%%

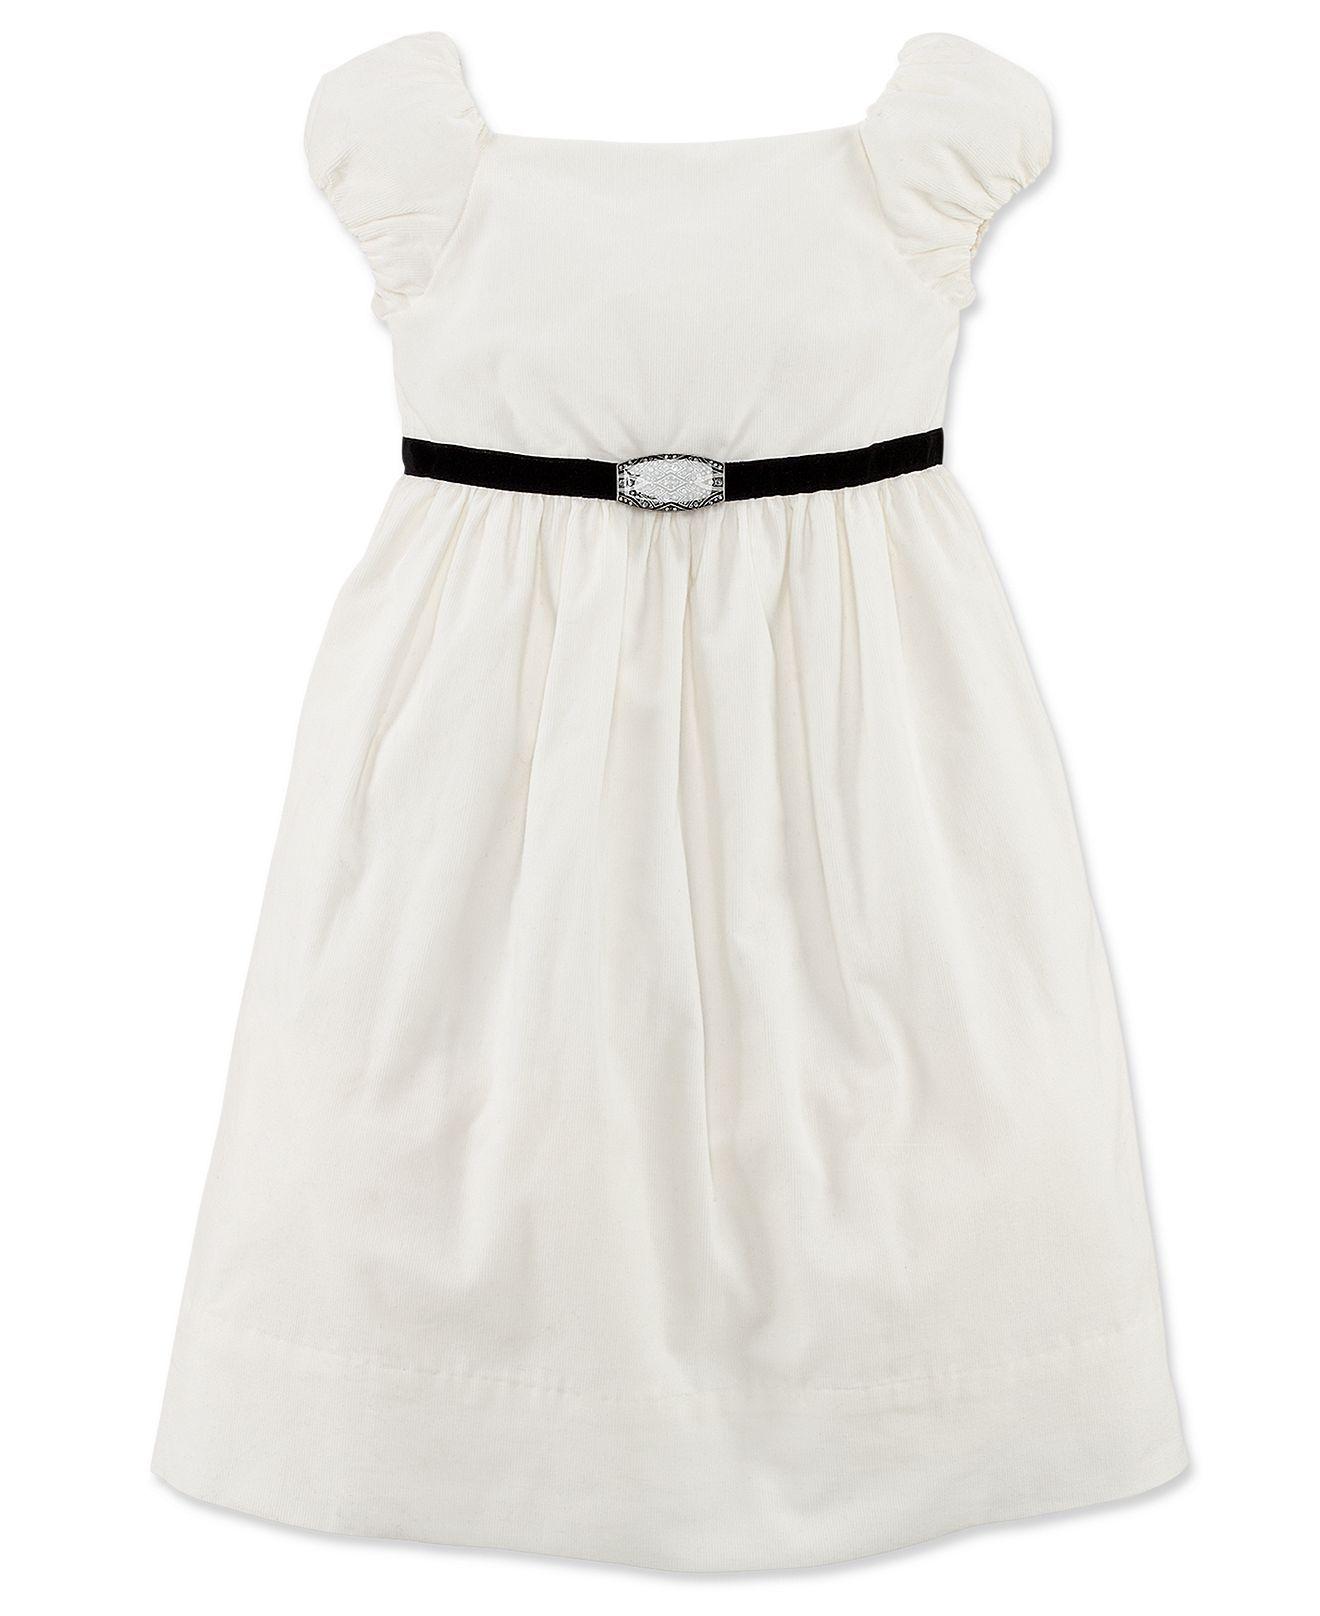 Ralph lauren girls dress little girls shortsleeve cord party dress
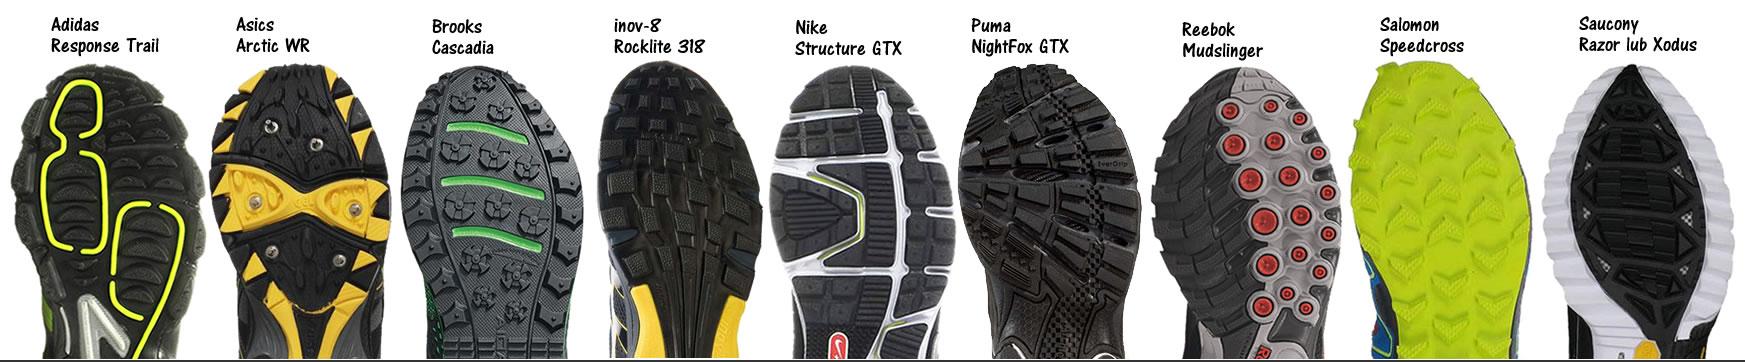 1a63769d jakie buty asics do biegania po asfalcie kolekcja|Darmowa dostawa!
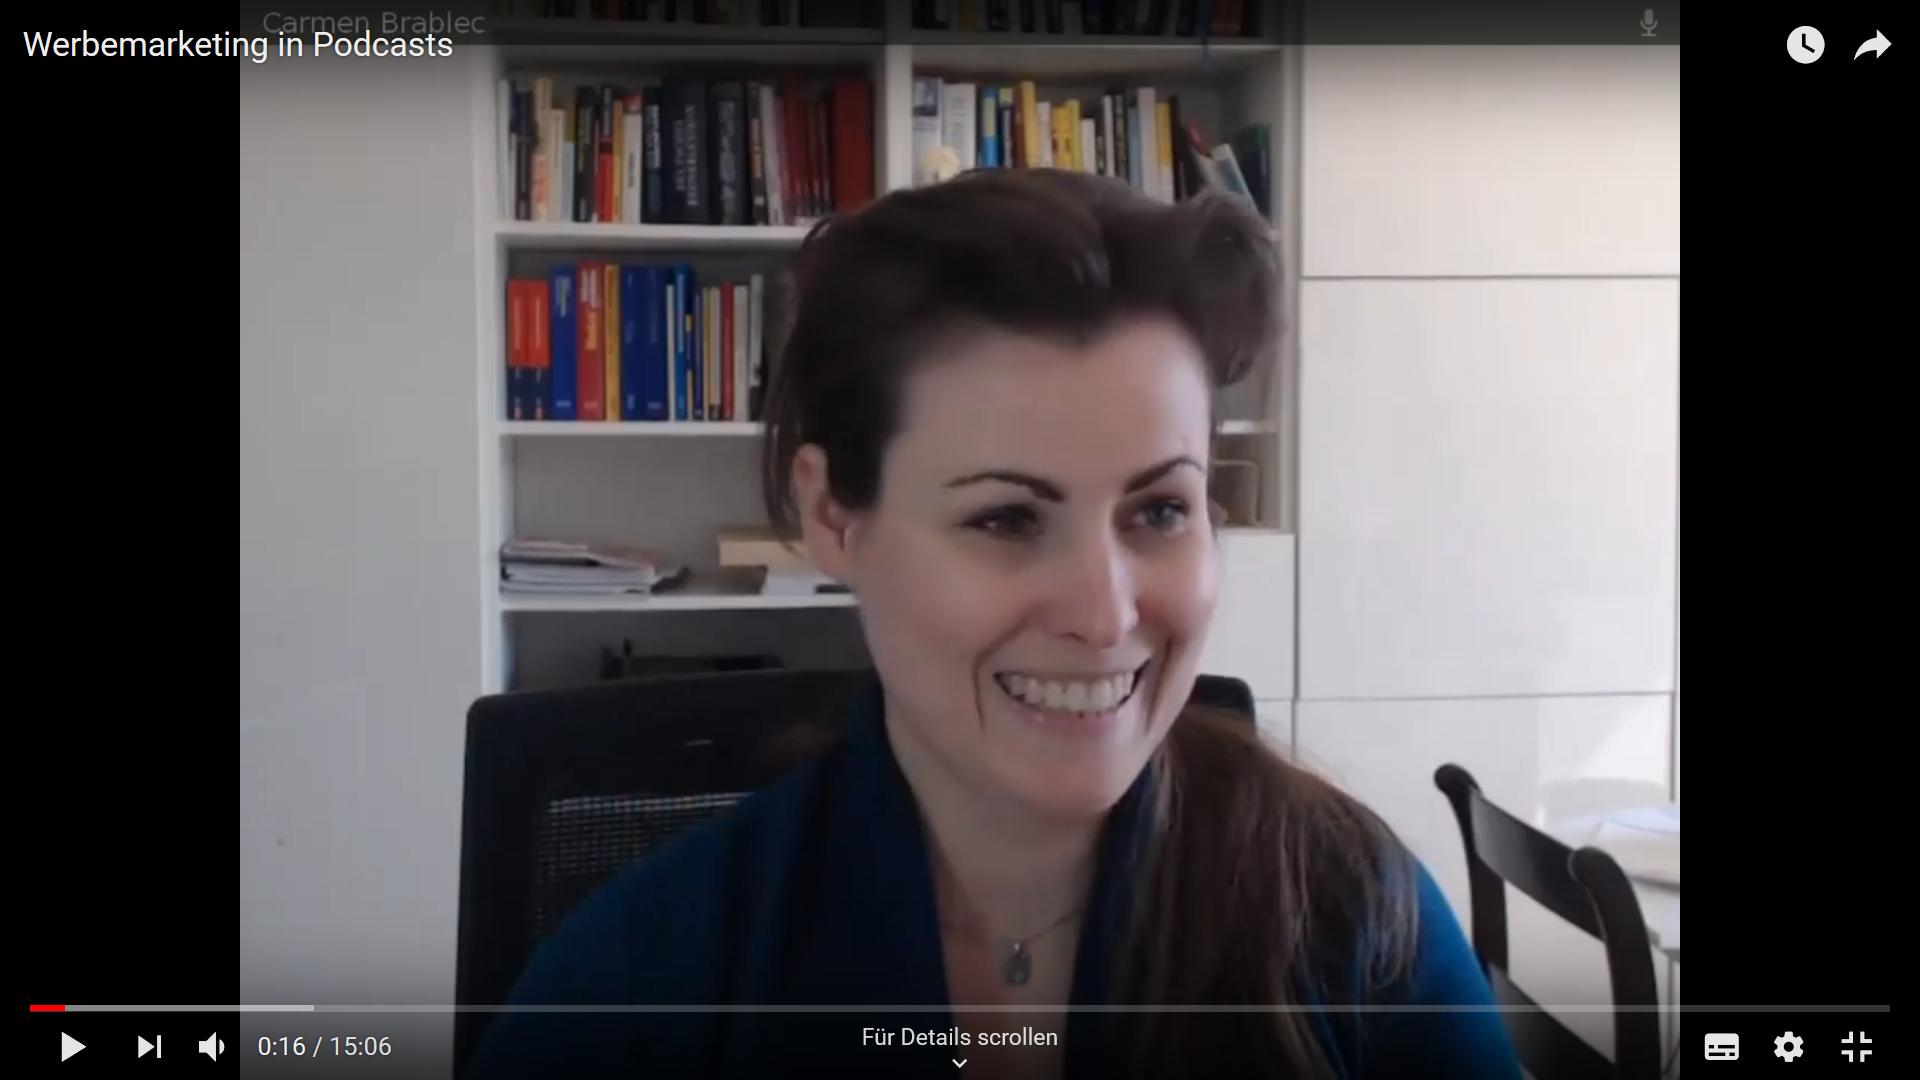 Wie funktioniert Werbemarketing in Podcasts

%%

**Your assignment:**
Output, exactly and only: the line containing "1a63769d jakie buty", the last line of the listing above, and every line in between. Leave the pictures out.

**Reply to the exercise:**
 1a63769d jakie buty asics do biegania po asfalcie kolekcja|Darmowa dostawa!
 Wie funktioniert Werbemarketing in Podcasts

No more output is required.